Written and illustrated by Hirohiko Araki, Steel Ball Run was originally serialized in Shueisha's shōnen manga anthology Weekly Shōnen Jump from January 19 to October 16, 2004.  It was later moved to Shueisha's monthly seinen magazine Ultra Jump on March 19, 2005, and ran until April 19, 2011. Araki found that the new, monthly schedule with longer chapters suited him better, as he was not as restricted in what he could draw and no longer had to write stories with momentum building up excitement for the next week's chapter, and had more flexibility to draw at his own pace. Araki described the manga's theme as "seeking for satisfaction". Like with other parts of JoJo's Bizarre Adventure, Araki also used "an affirmation that humanity is wonderful" as a theme, which he explained as a description for humanity's ability to grow and overcome hardships through one's strength and spirit, portrayed through people succeeding in fights through their own actions, without relying on machines or gods.

Because the series follows a race across America, Araki had to split his research into three trips: one from the West Coast to the deserts, one from the Great Plains to the Mississippi River and Chicago, and one to New York. He said that it would have been impossible to get an understanding for the vast scale without having gone there personally, describing the scenery of the Midwest as endless and unchanging. The feeling of distance made him think that if an enemy had approached, the open landscape would have meant that he could not have escaped due to a lack of places to hide, an experience he found useful when drawing the manga.

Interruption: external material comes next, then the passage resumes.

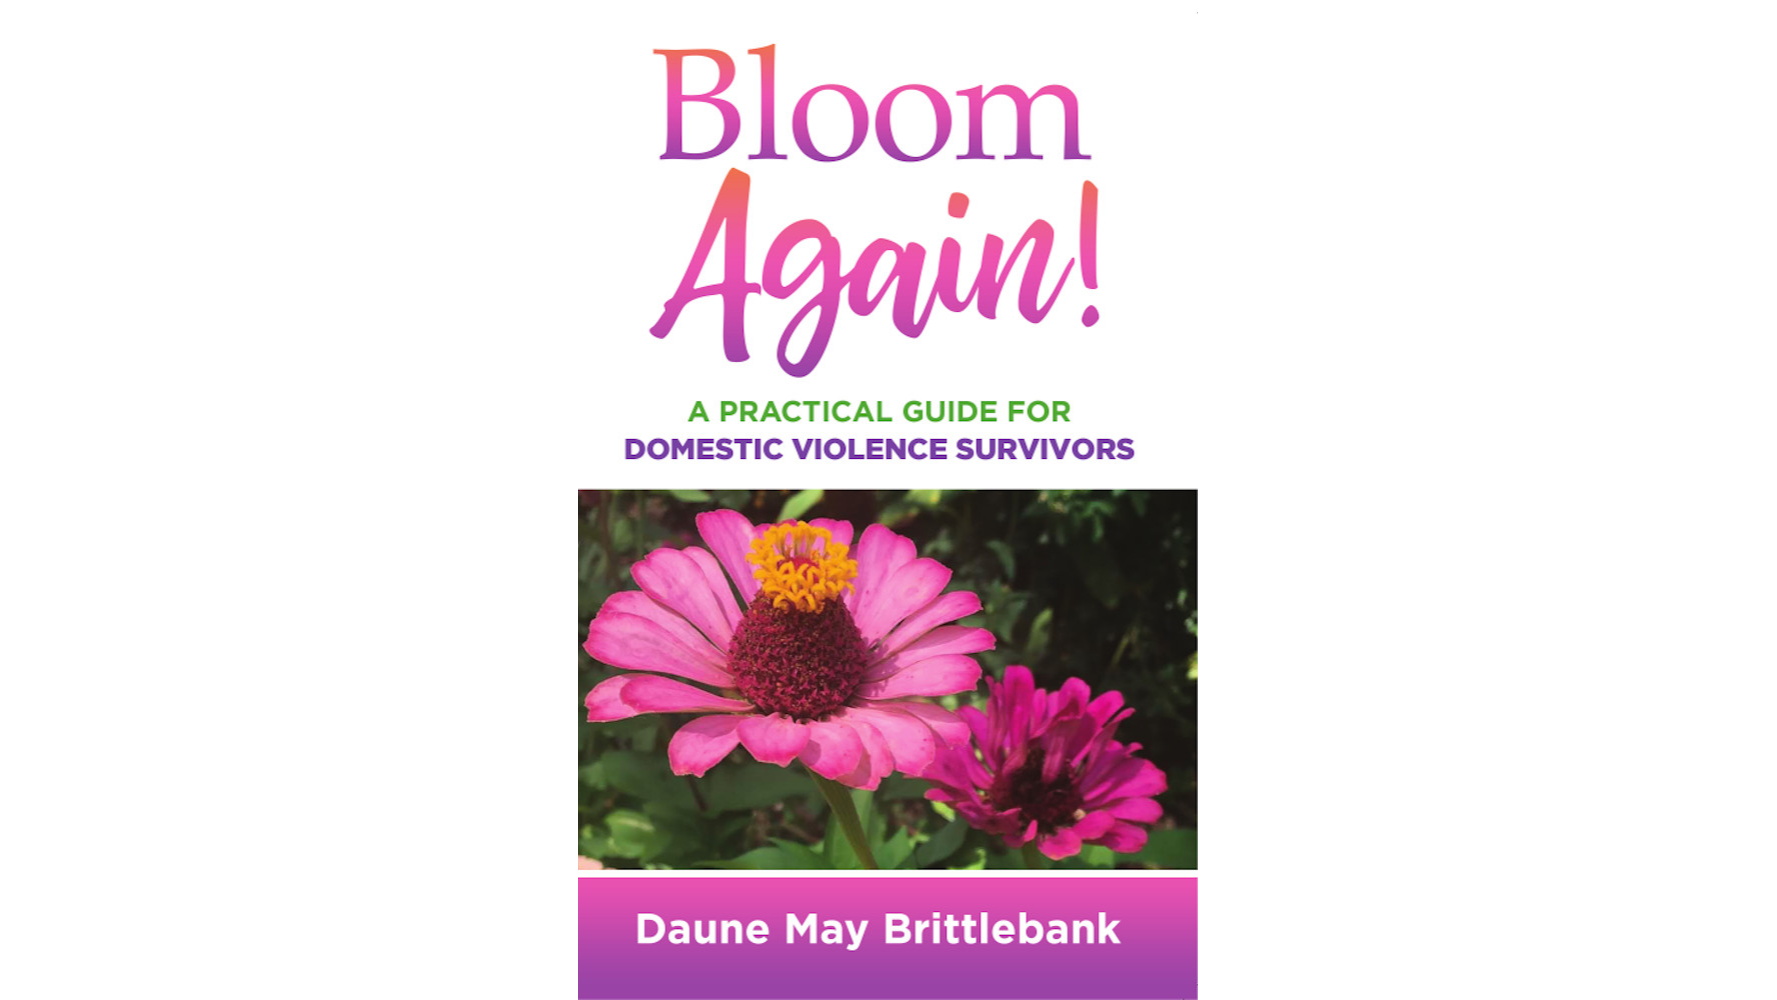 Photo for Bloom Again! A Practical Guide for Domestic Violence Survivors on ViewStub
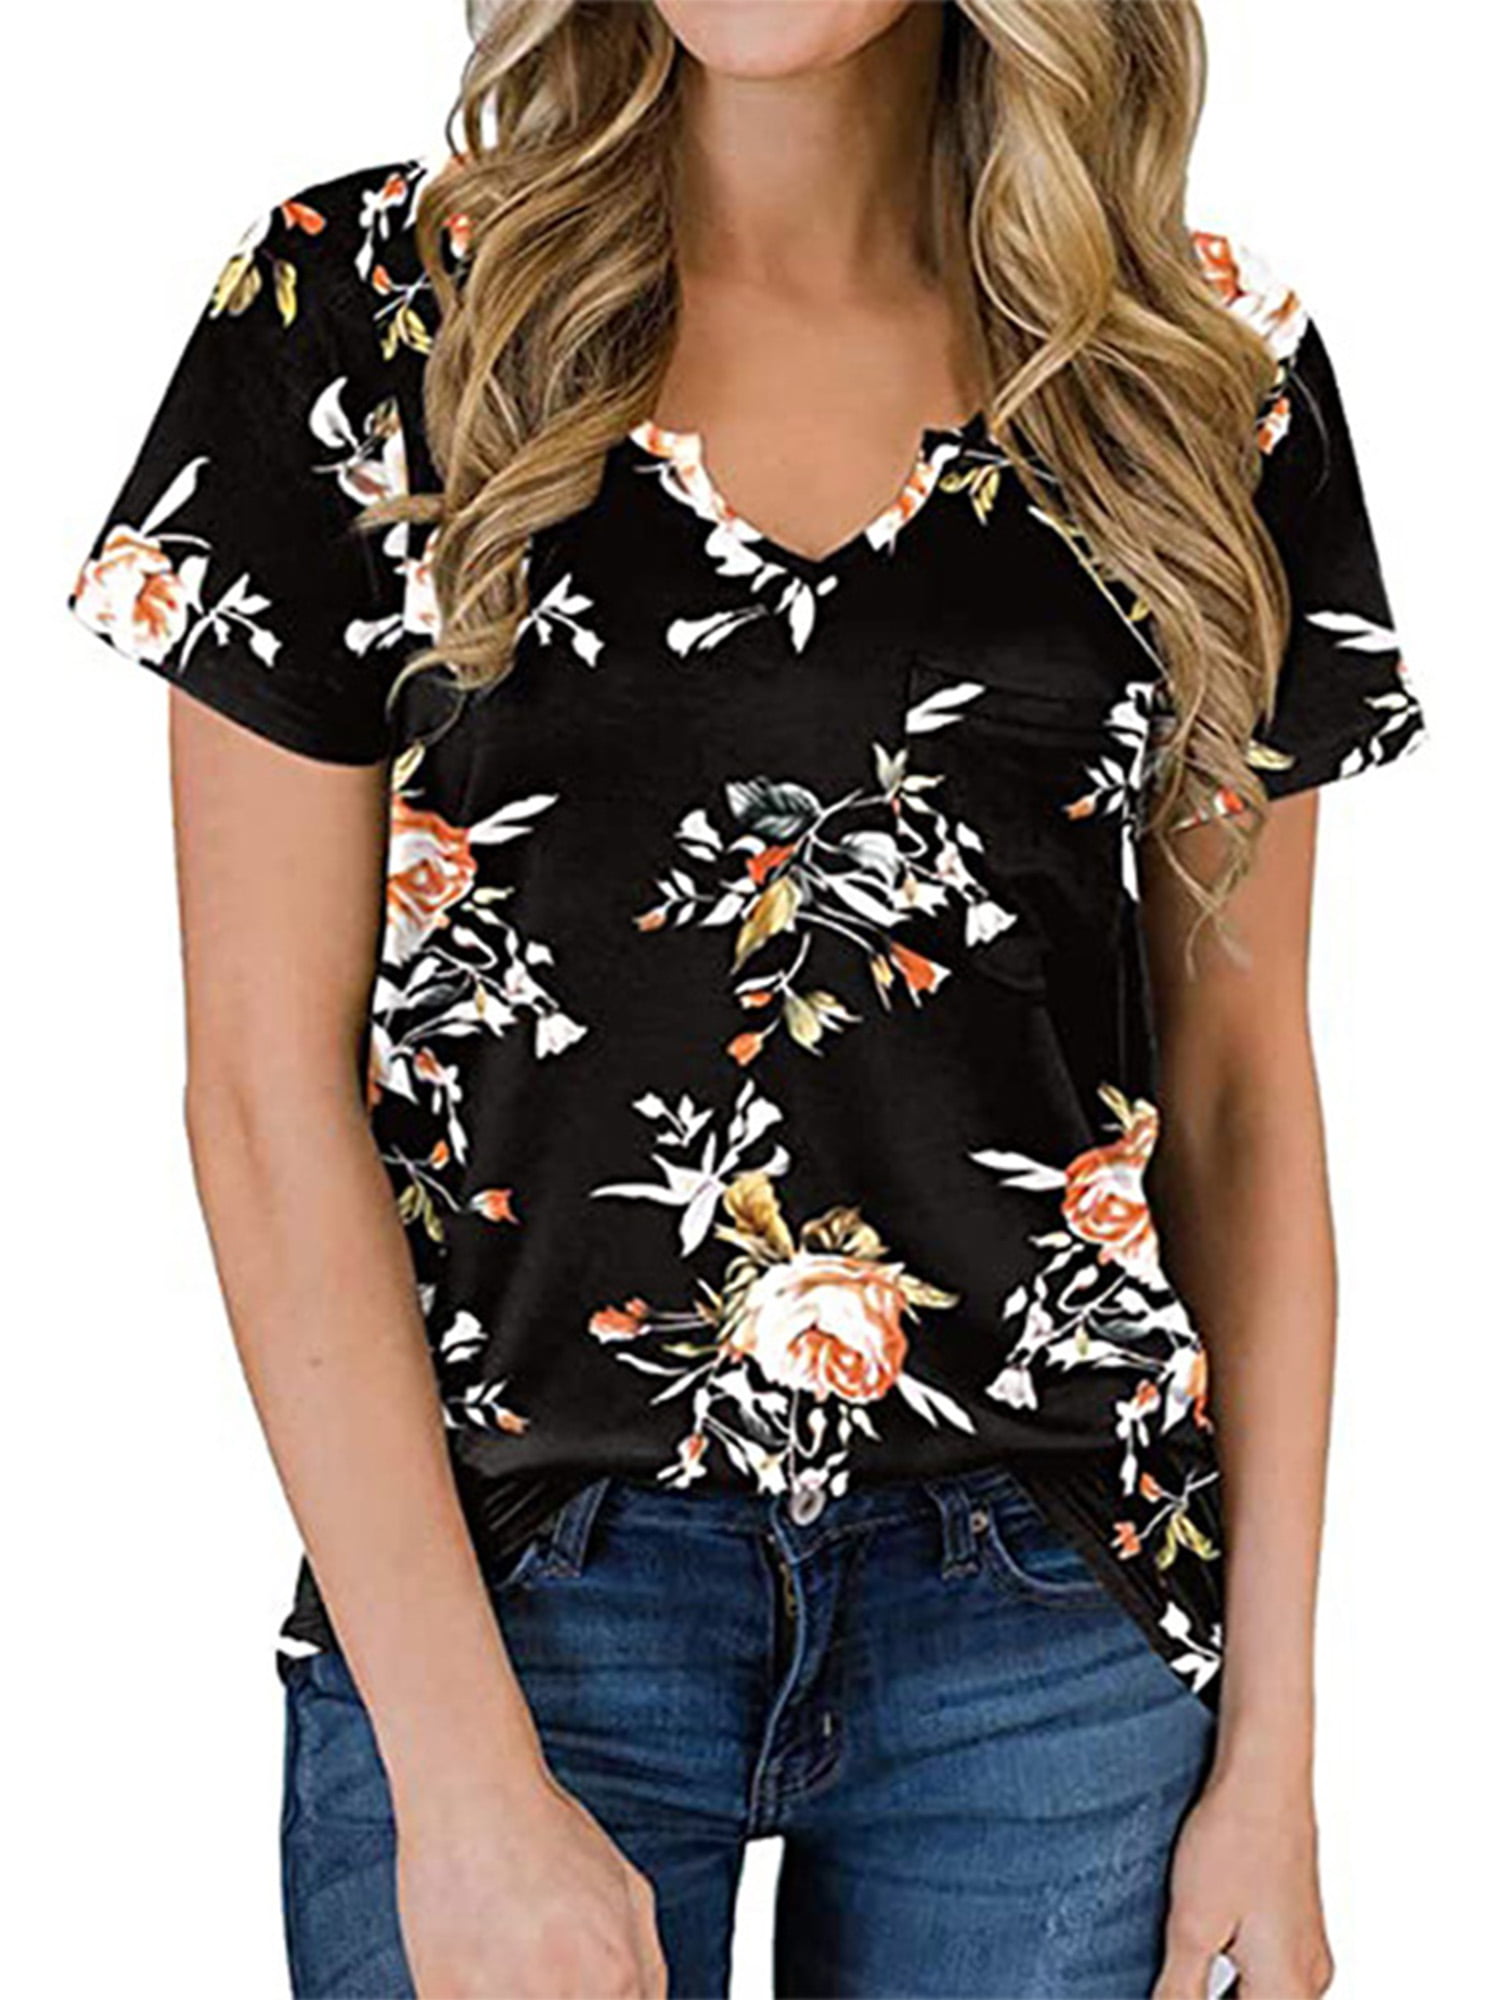 Womens V Neck Floral Button Shirt Ladies Summer Short Sleeve Blouse Tee T Shirts

Like other protagonists in the series, Johnny was designed to symbolize the part's story and setting, and to stand out among the previous protagonists in terms of appearance, clothing, and silhouette. He was not specifically planned to have a disability at the start of the production; rather, his disability was the result of the series' focus on protagonists growing through overcoming hardships, and Araki wanting to create a character who was forced to rely on people and horses during the race and had room to grow both mentally and physically. Valentine was created as part of Araki noticing more and more that good and evil is not always easily distinguishable and taking a greater interest in the motivations for people who do bad things. He noted that Valentine's patriotism and goals seemed just and might line up with leaders in the real world, and that it is his sacrifice of powerless people to reach his goals that make him evil and completely unsuitable as a protagonist. The concept of having the United States president fighting the main characters came from when Araki saw the film Independence Day, and liked the idea of a president who fights.

Chapters

Original volumization
The first chapter title of each pair is the title that is used in the volumization of Steel Ball Run. The second title is the title used in the original serialization in Weekly Shonen Jump and Ultra Jump.

2017 release

Reception
Kono Manga ga Sugoi! recommended Steel Ball Run as a good place to start for people who have not read previous parts, due to how it effectively serves as a reboot of the JoJo's Bizarre Adventure series, and appreciated how its move to the monthly seinen magazine Ultra Jump enabled Araki to write longer stories and depict things that would have been difficult to do in a shōnen magazine. Erkael of Manga-News called the manga one of the best in the series, and said that it does not disappoint the reader at any point. Anime News Network called Steel Ball Run an interesting take on the battle manga genre due to its positive portrayal of a hero with a disability, and found it, along with JoJolion, to represent a big shift in the evolution of Araki's art, following his earlier shift from muscle men to thinner characters and fashion.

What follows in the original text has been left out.